David Fuller and Eoin Treacy's Comment of the Day
Category - China

    PBOC $162 Billion Loan Spurs Stealth-Easing Speculation

    This article from Bloomberg may be of interest to subscribers. Here is a section:

    “This is another targeted easing measure,” Chang Jian, chief China economist at Barclays Plc, wrote in a July 30 report. While the loan doesn’t represent “broad loosening,” it has “reduced recent market concerns about a shift in the PBOC’s stance away from easing towards neutral or tightening,” she said.

    Wang Tao, UBS AG’s chief China economist, says the measure is part of trying to “optimize” the implementation of its existing monetary stance, and doesn’t constitute a shift in policy, according to a July 24 report.

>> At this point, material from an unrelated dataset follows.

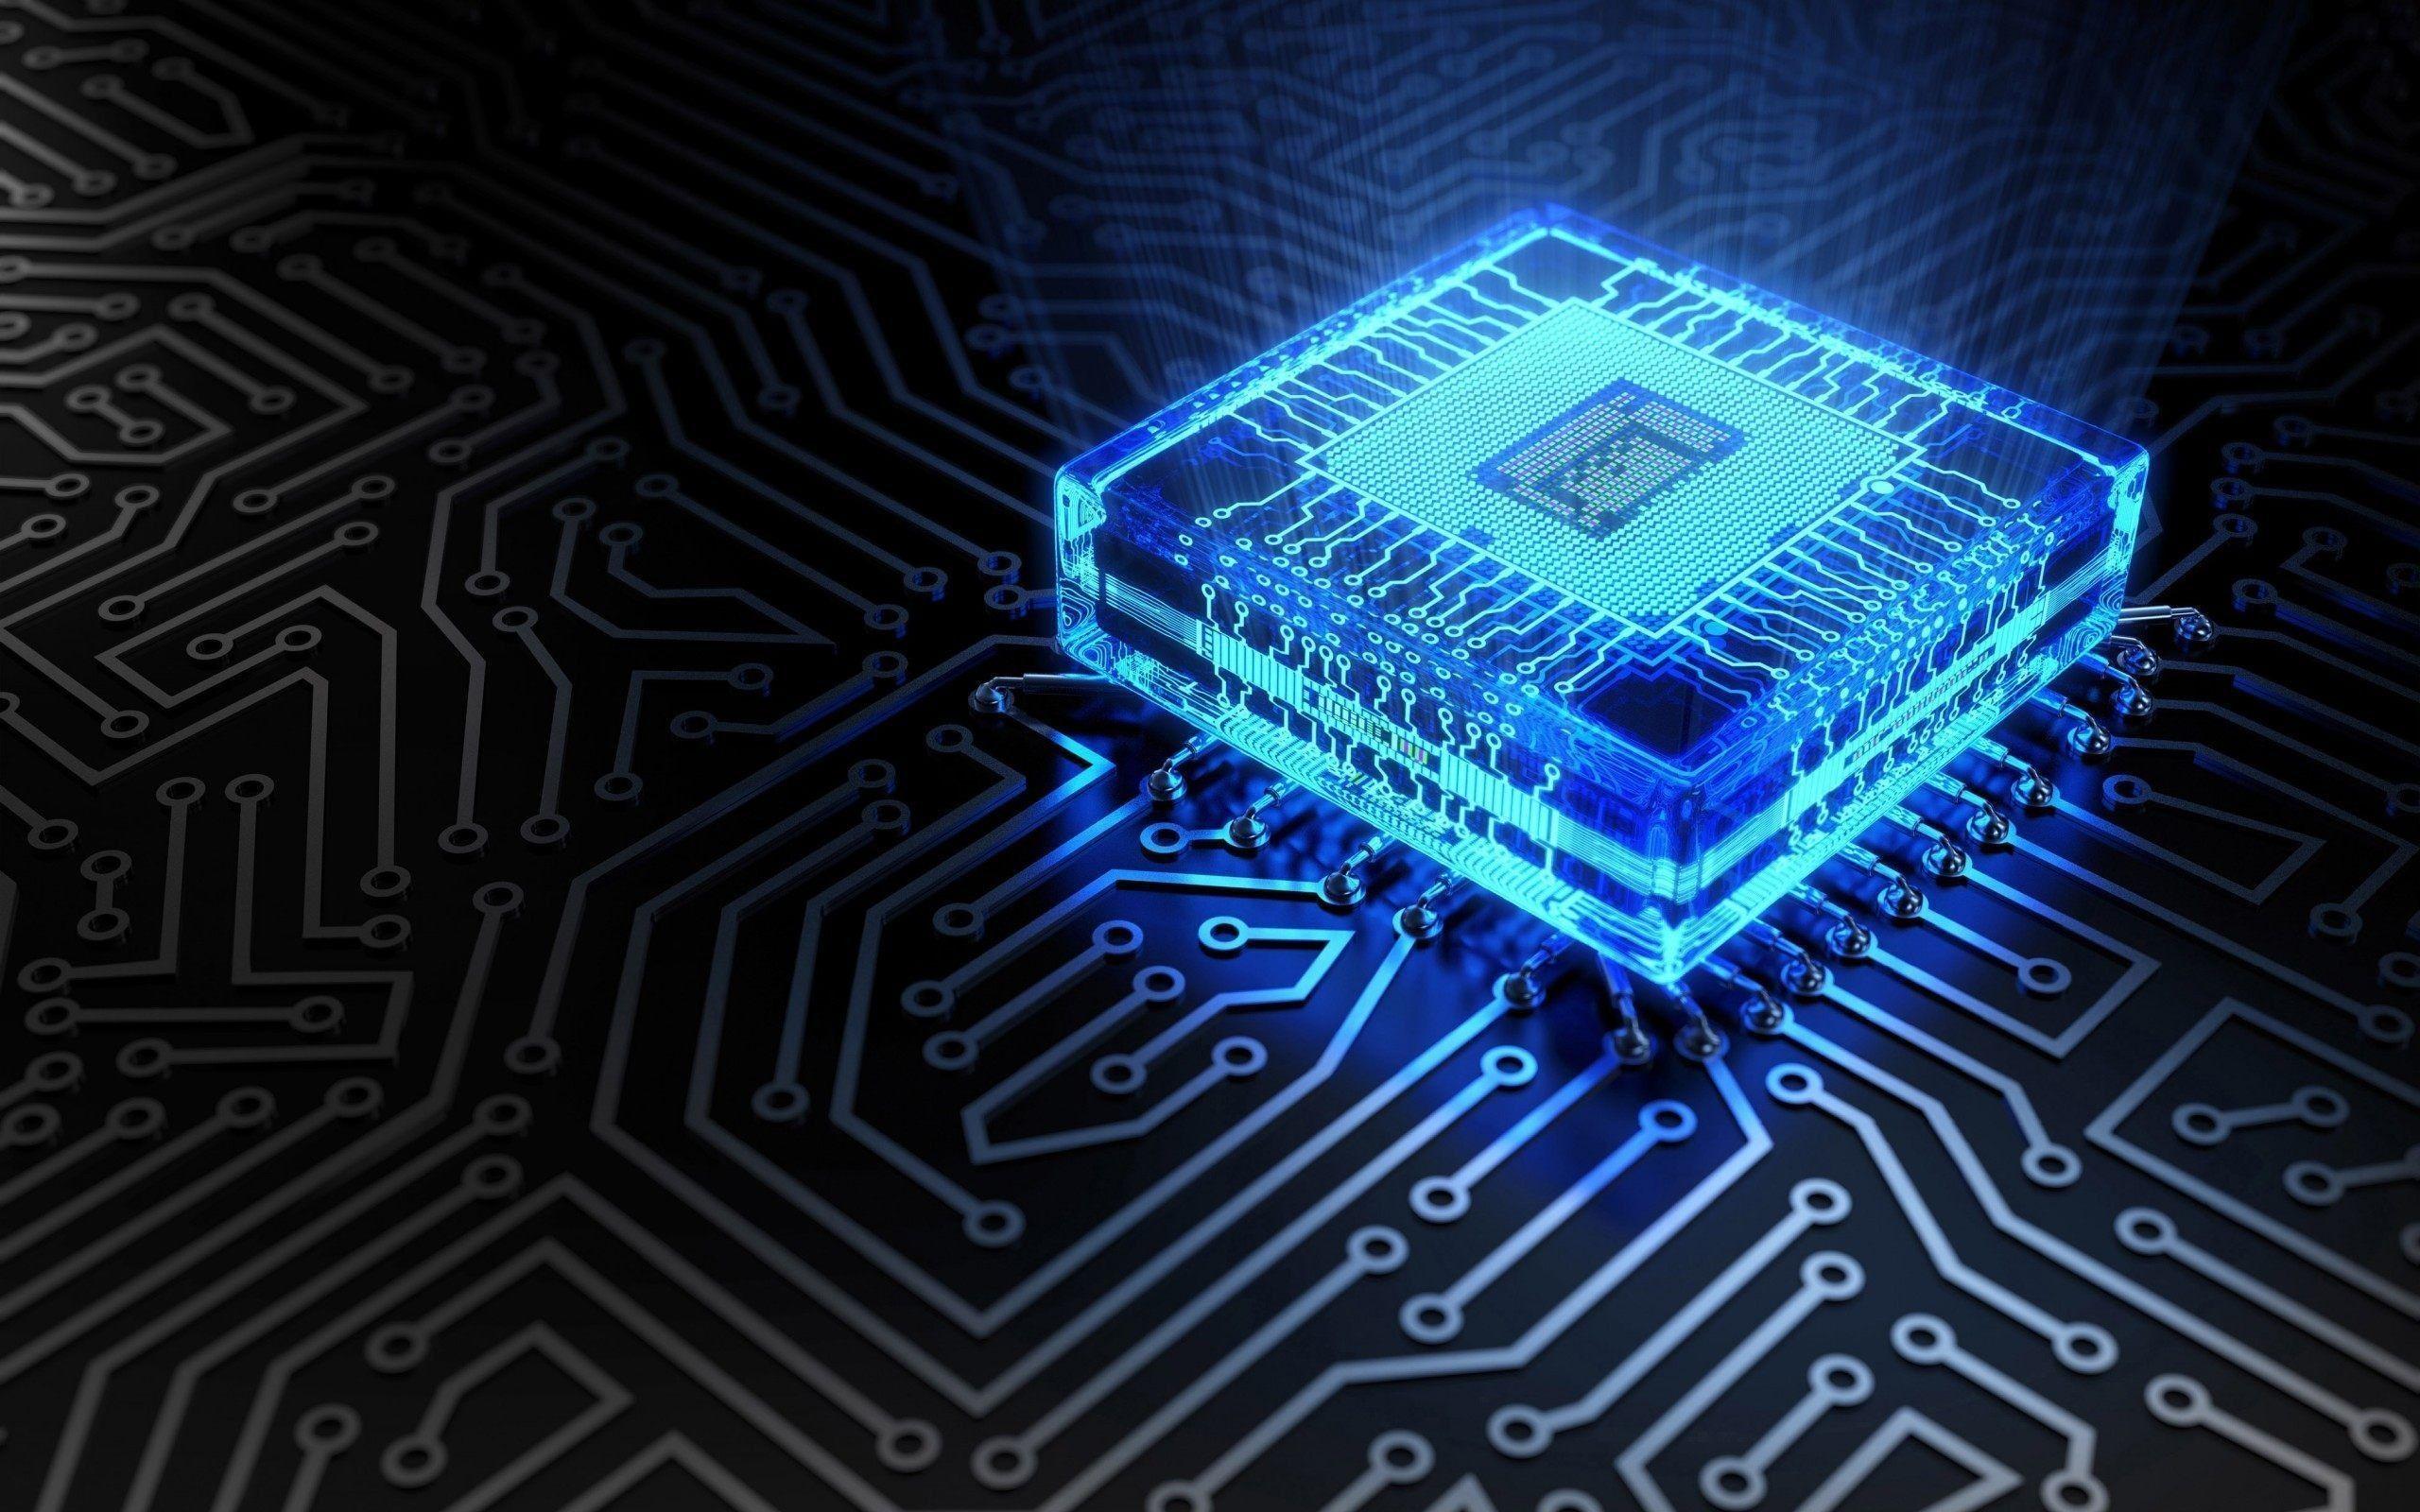 4k High Tech Wallpaper Electronics Wallpaper Technology Wallpaper Computer Architecture

    In its Aug. 1 report, the PBOC said targeted measures have become a “new trend of major central banks” since the global financial crisis started and that it will keep using tools such as relending and rediscounting to guide institutions to “optimize their credit structure.”

    The CDB loan is the equivalent of an across-the-board cut of 1 percentage point in the ratio of deposits banks must hold as reserves, JPMorgan Chase & Co. estimated, scrapping its forecast for two 50 basis-point cuts from the current 20 percent reserve requirement ratio for large banks.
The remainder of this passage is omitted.